Western blots. Protein was isolated from cells as described.21 Briefly, cell lysates were electrophoresed on 4–20% Pierce Precise Protein Gels (Thermo Scientific) and transferred onto nitrocellulose membranes. Membranes were probed with the following primary antibodies: rabbit-anti-ATG16L1 (1:500, Sigma) guineapig-anti-p62 (1:1,000, Progen Biotechnik, Heidelberg, Germany), rabbit anti-Caspase-1 (1:5,000, Dr Gabriel Nuñez), rat anti-Caspase-11 (1:250, Sigma), rat anti-NLRP3 (1:250, R&D Systems), and rabbit-anti-GAPDH (1:1,000, Cell Signaling Technology, Danvers, MA). Goat-anti-rabbit IgG-HRP, goat-anti-guinea pig IgG-HRP, and goat-anti-rat IgG-HRP secondaries (Santa Cruz Biotechnology, Dallas, TX) were used and detected by SuperSignal West Dura (Thermo Scientific).
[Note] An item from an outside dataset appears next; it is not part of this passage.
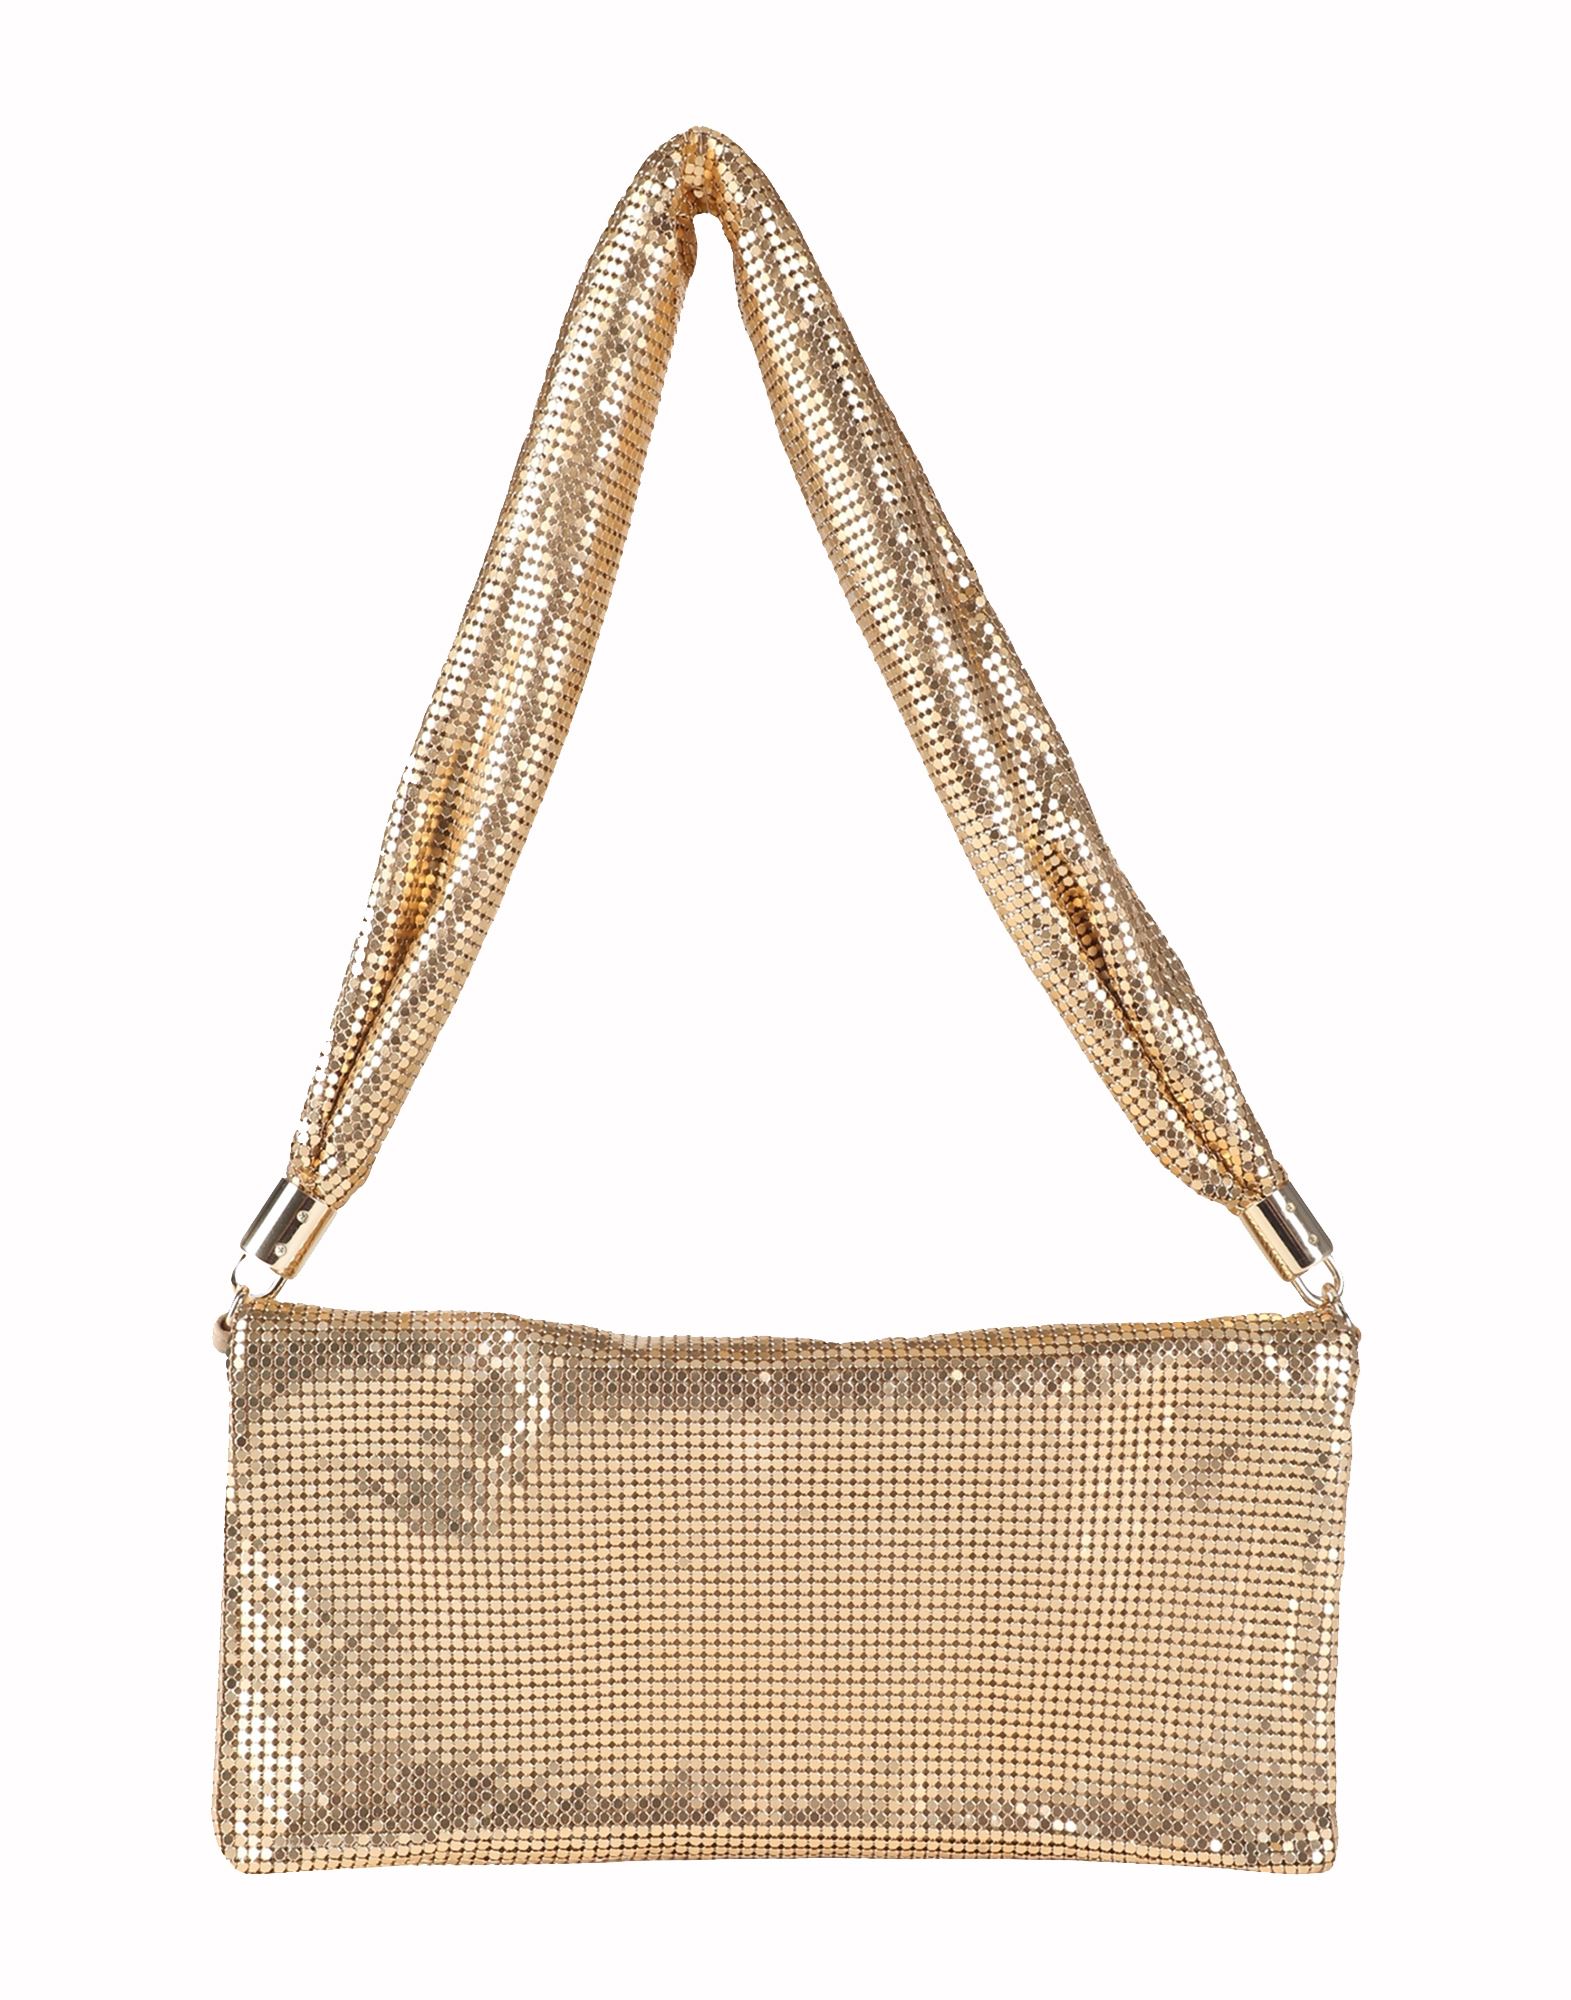 Arket Handbags In Gold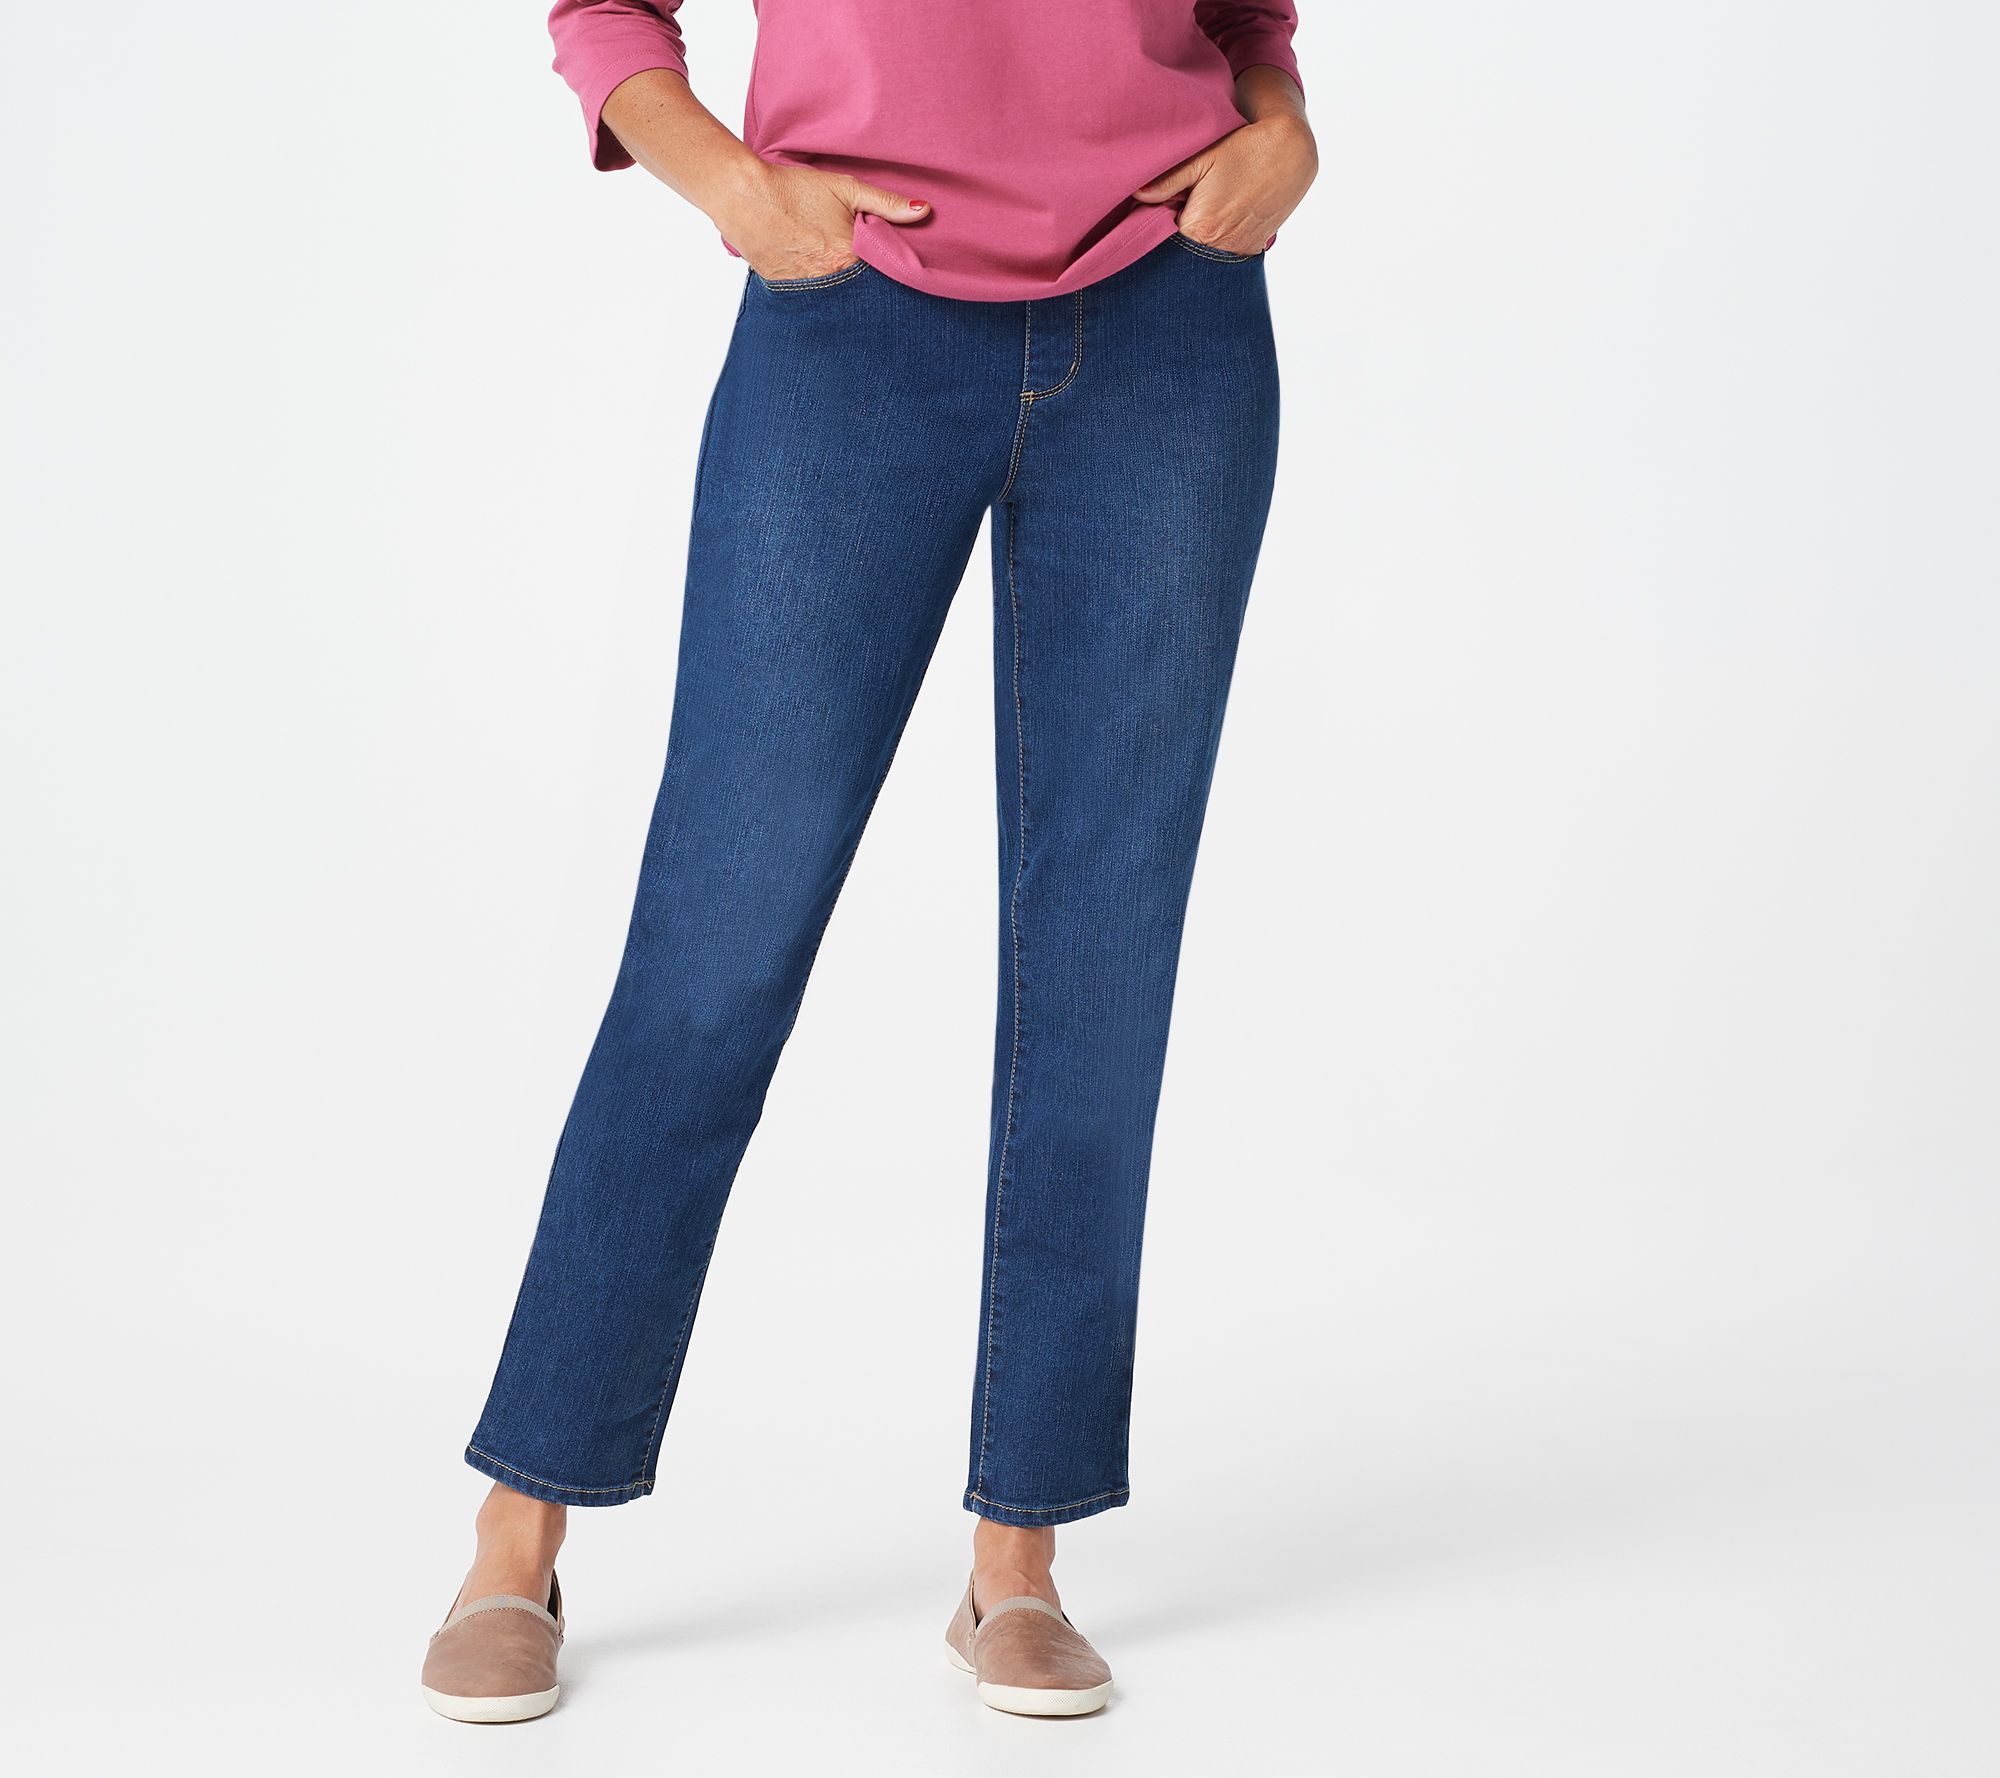 denim & company jeans on qvc

Statistical analyses. For time-course experiments, two-way ANOVAs with matching were used with Bonferroni post-tests for individual time points. To determine significance between two samples, unpaired t-tests, paired t-tests, or non-parametric Mann–Whitney U tests were performed by using the Graph Prism software (GraphPad Software, Inc., San Diego, CA). A value of P<0.05 was used as the cutoff for statistical significance.